## Task to carry out:
Retype the lines below exactly, from the one that contains "Apparatus and method" through the last, and leave every picture out.

## Collected material:

# # #

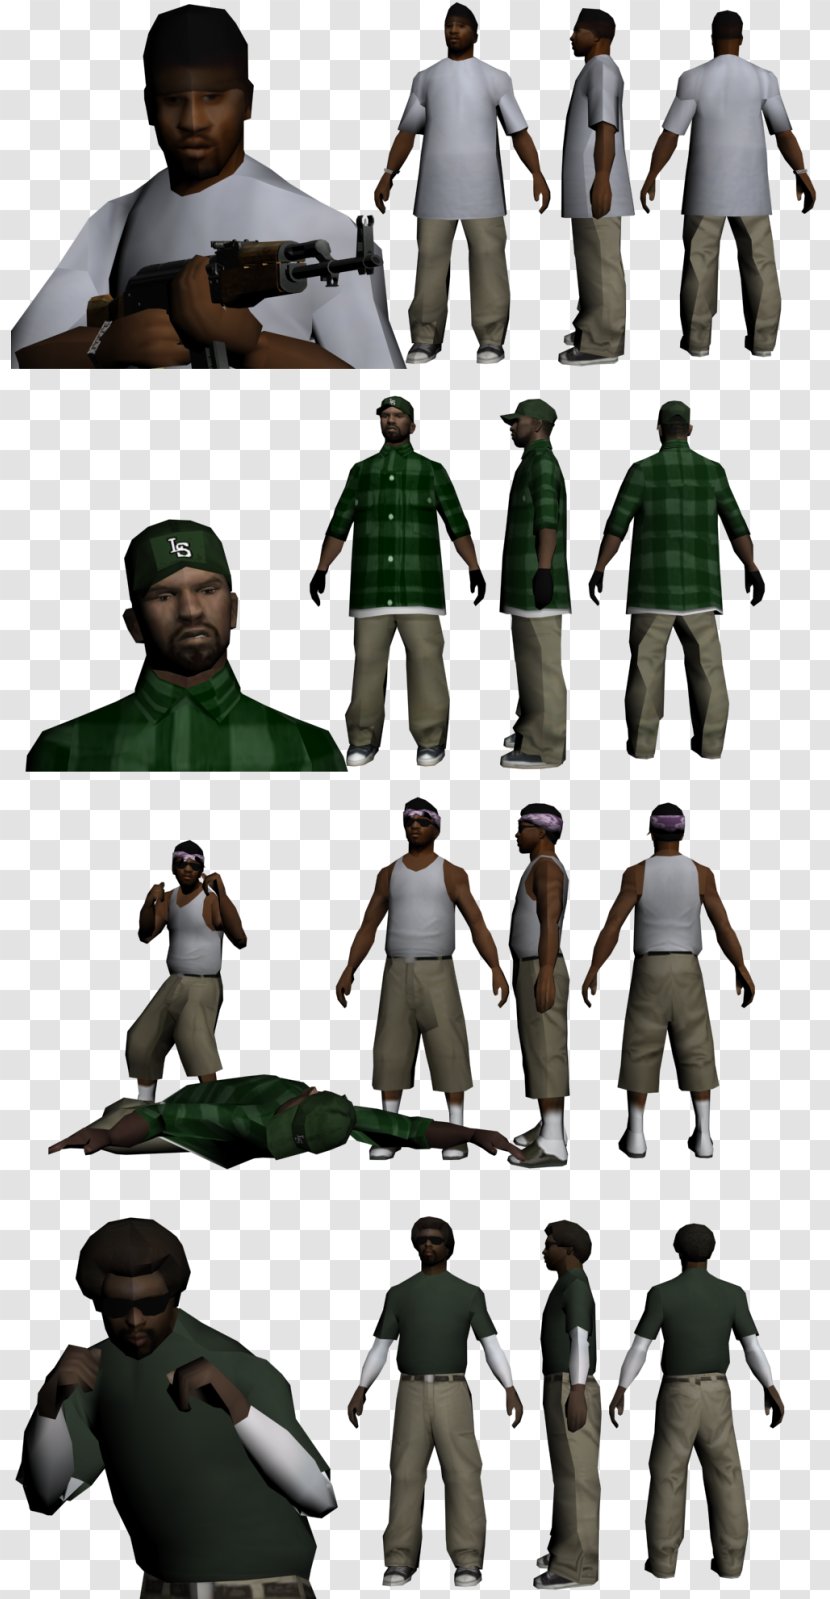 TinyPic Crips Mod Character African American - Costume Design Transparent PNG
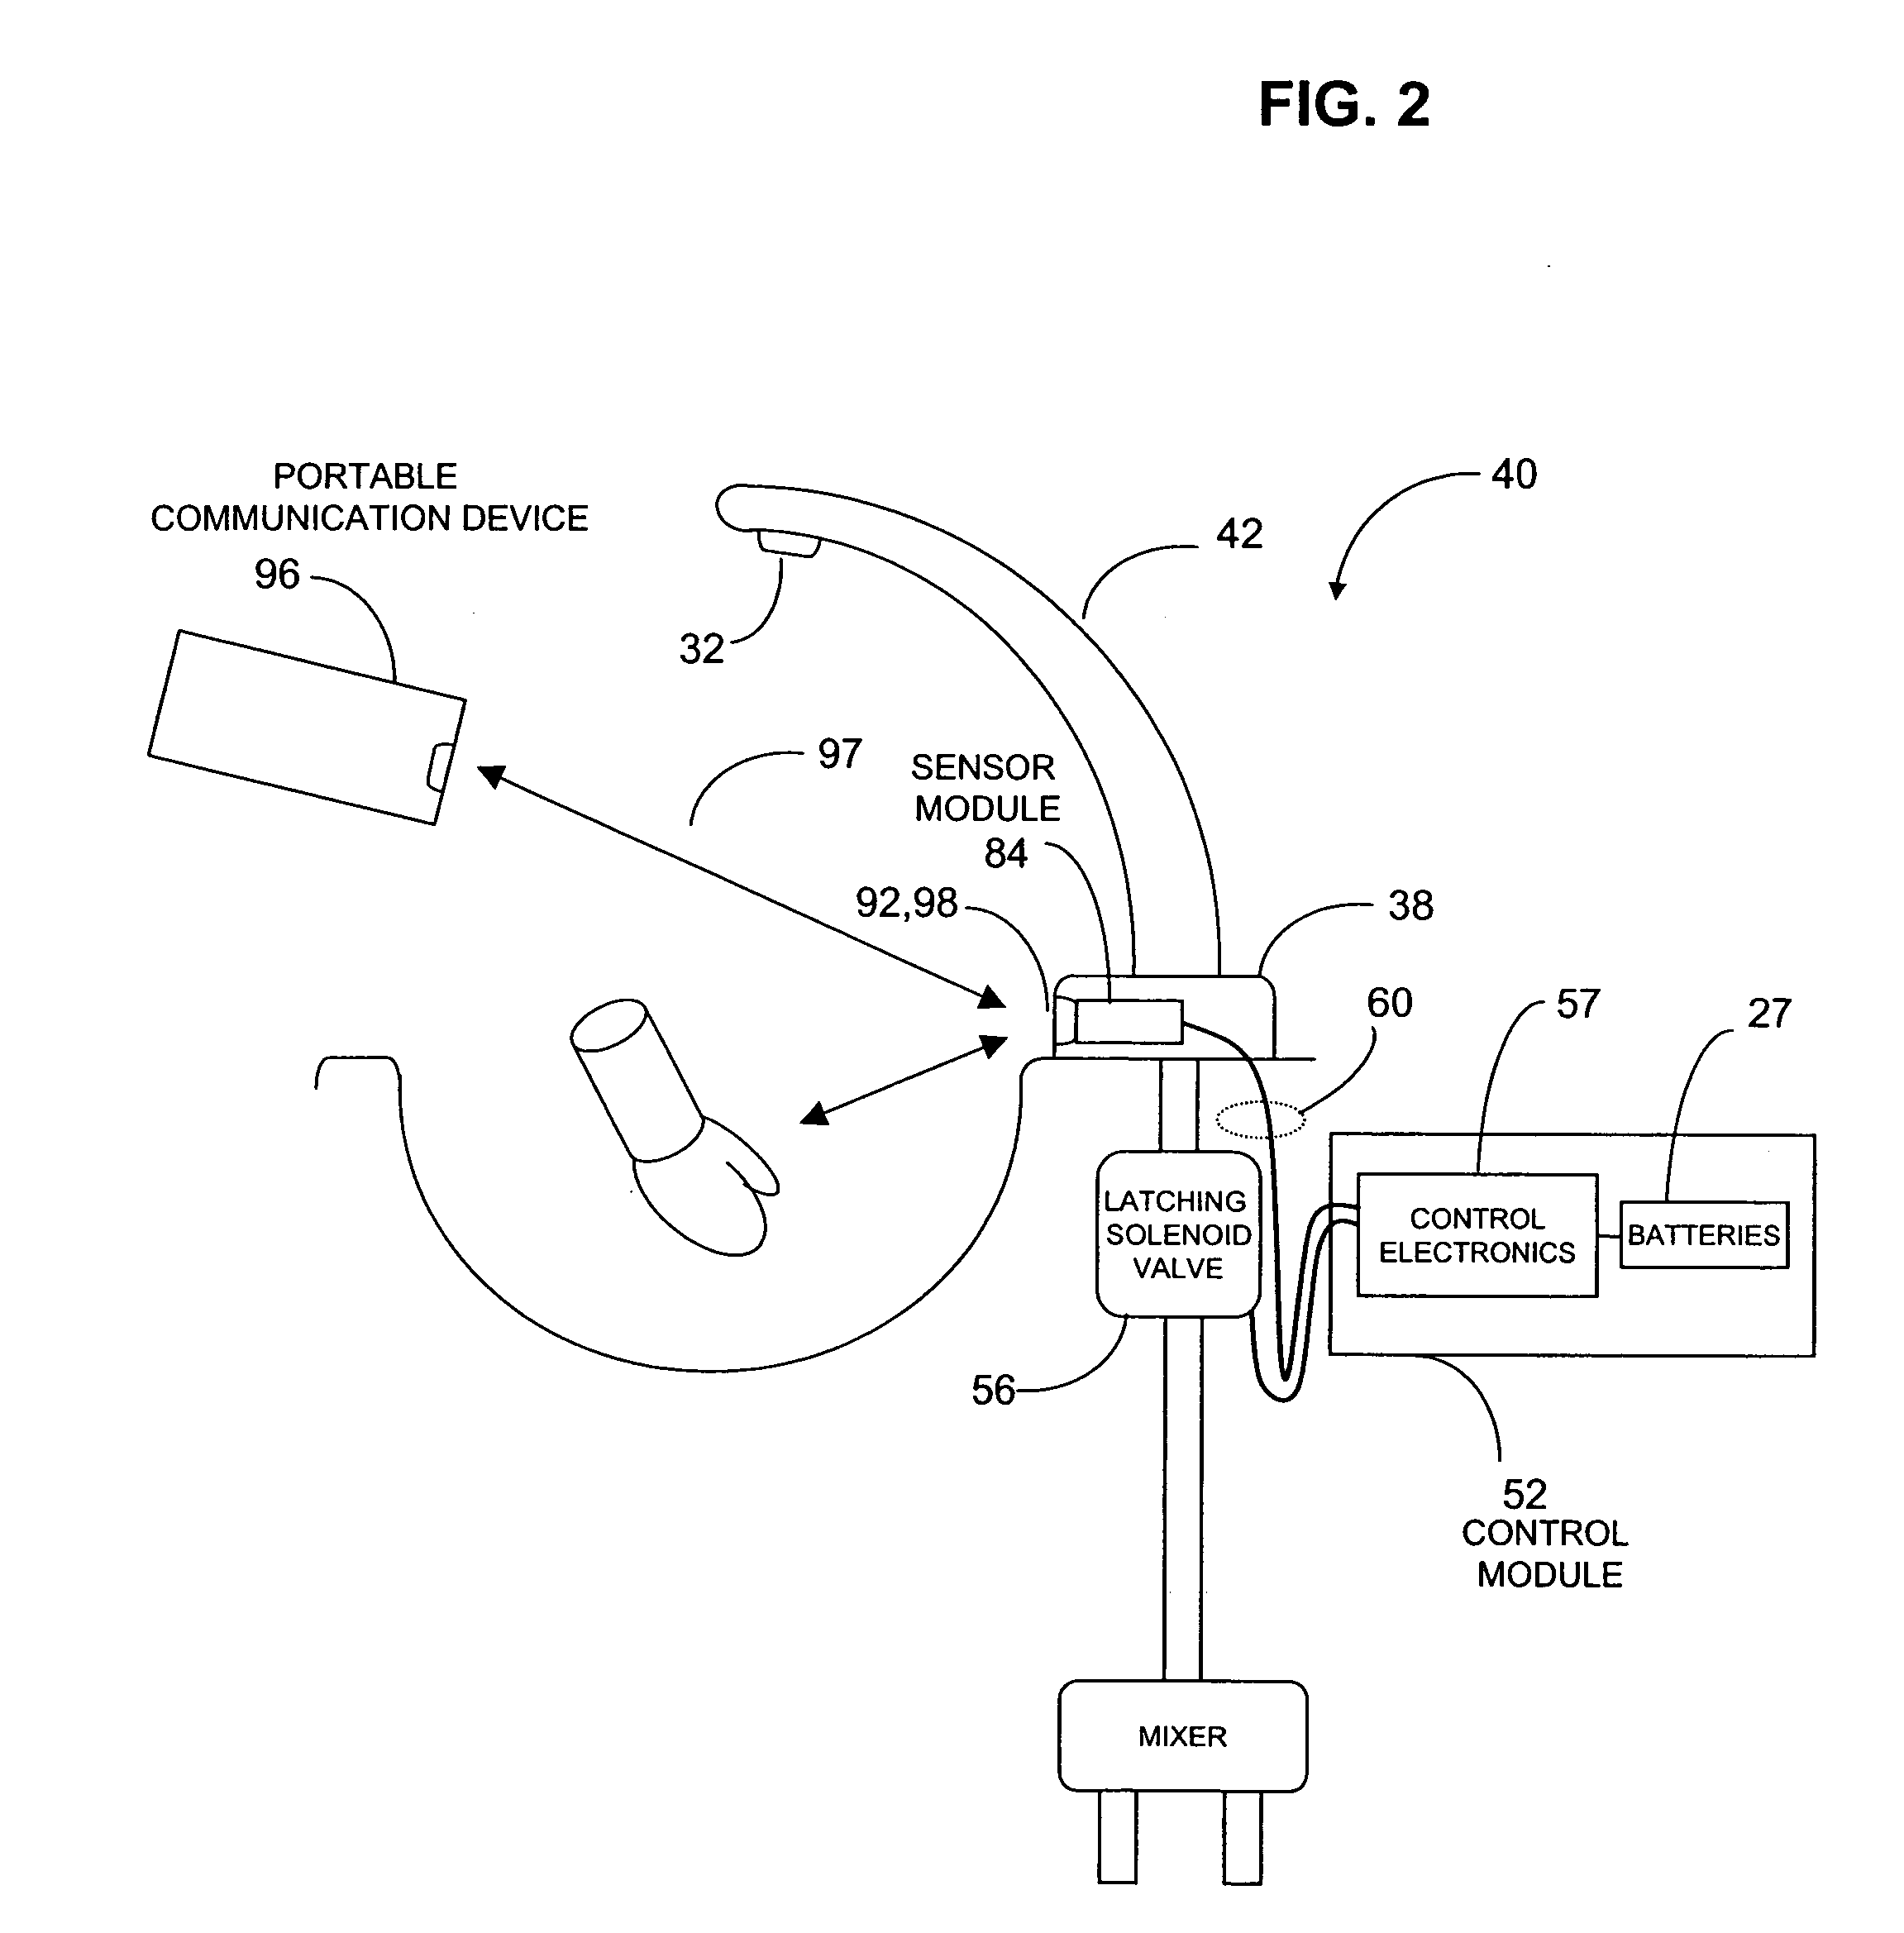 Apparatus and method of wireless data transmission
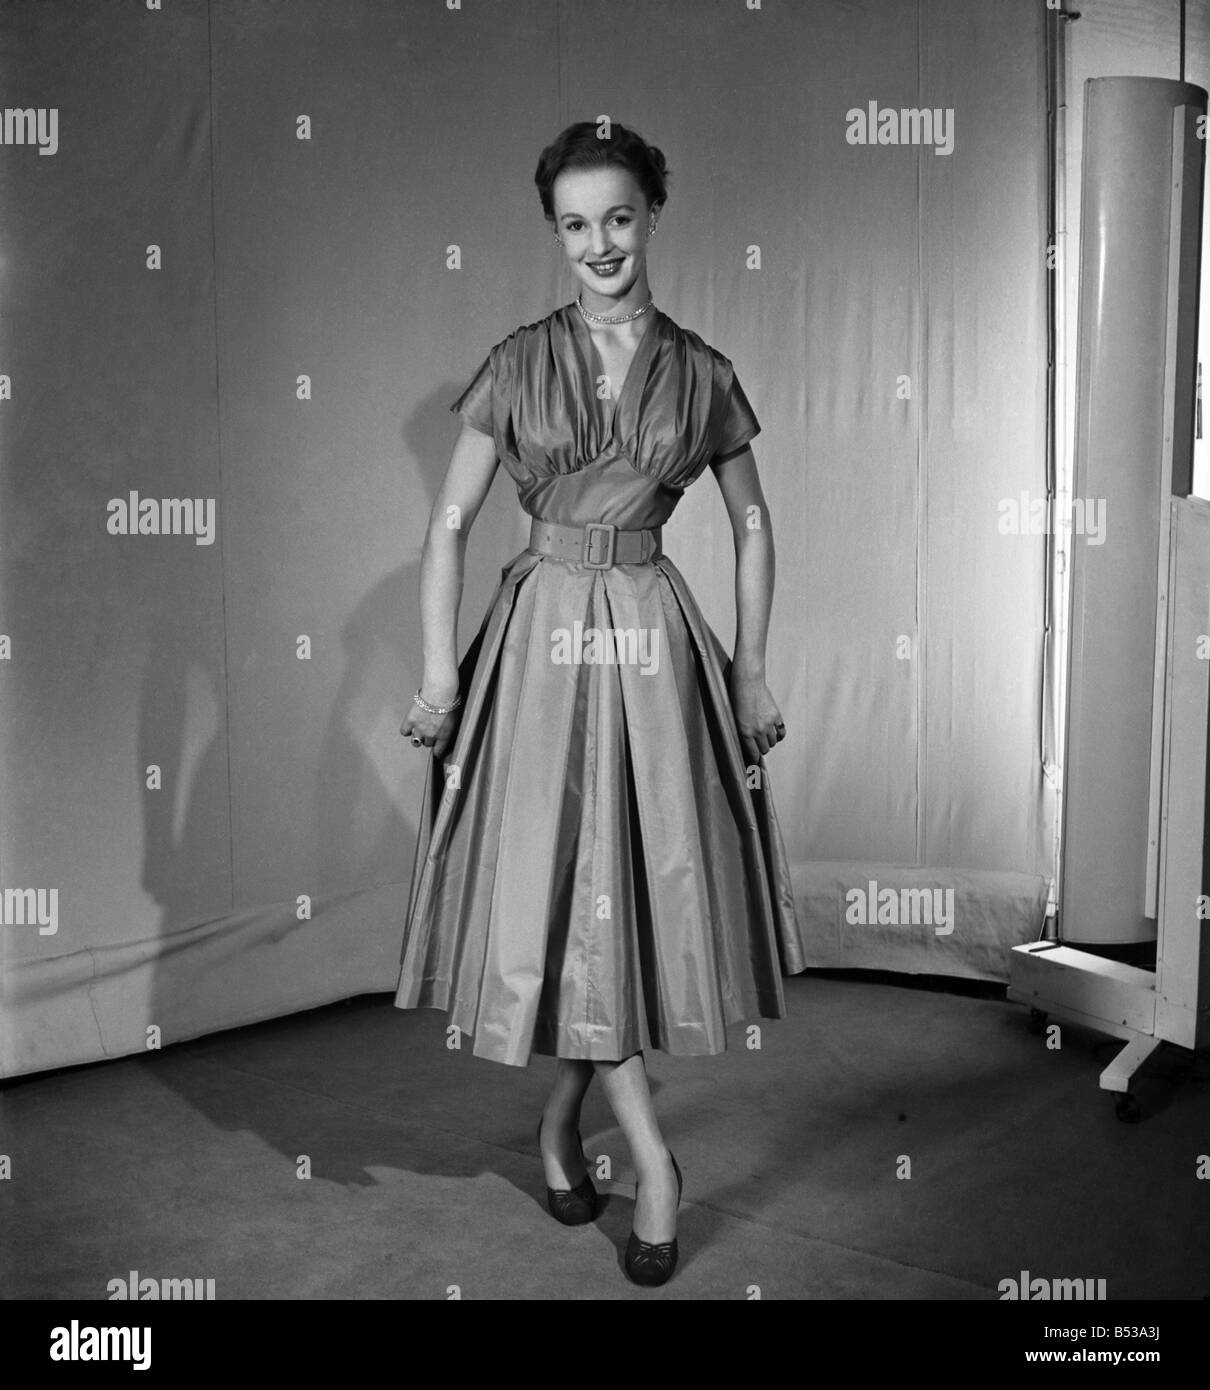 Woman model 1950s Black and White Stock Photos & Images - Alamy
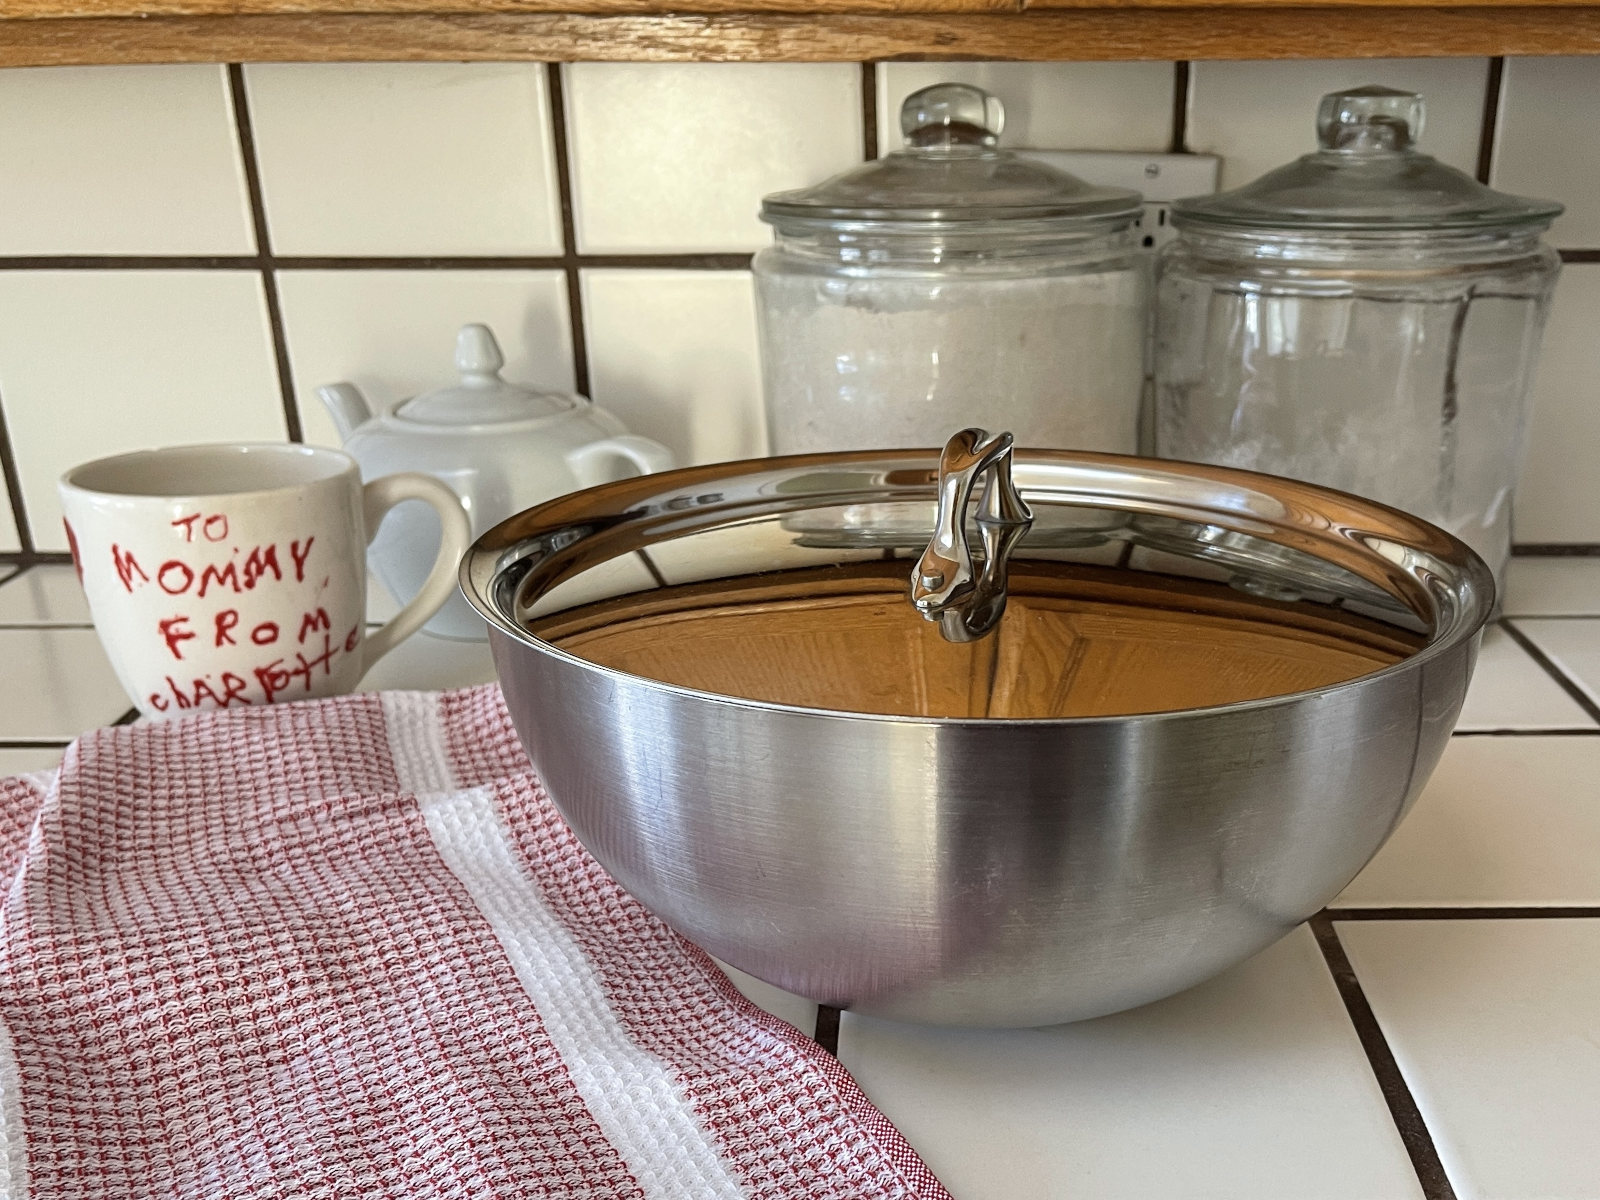 A large metal bowl of peanut butter cookie dough made with a sourdough discard flax egg sits on a white tiled counter to ferment. The bowl is covered with a metal pot lid. In the background are a red checked tea towel, a large mug, a teapot and two large jars of flour.

# # #

## Expected answer:
 Apparatus and method of wireless data transmission
 Woman model 1950s Black and White Stock Photos & Images - Alamy
 A large metal bowl of peanut butter cookie dough made with a sourdough discard flax egg sits on a white tiled counter to ferment. The bowl is covered with a metal pot lid. In the background are a red checked tea towel, a large mug, a teapot and two large jars of flour.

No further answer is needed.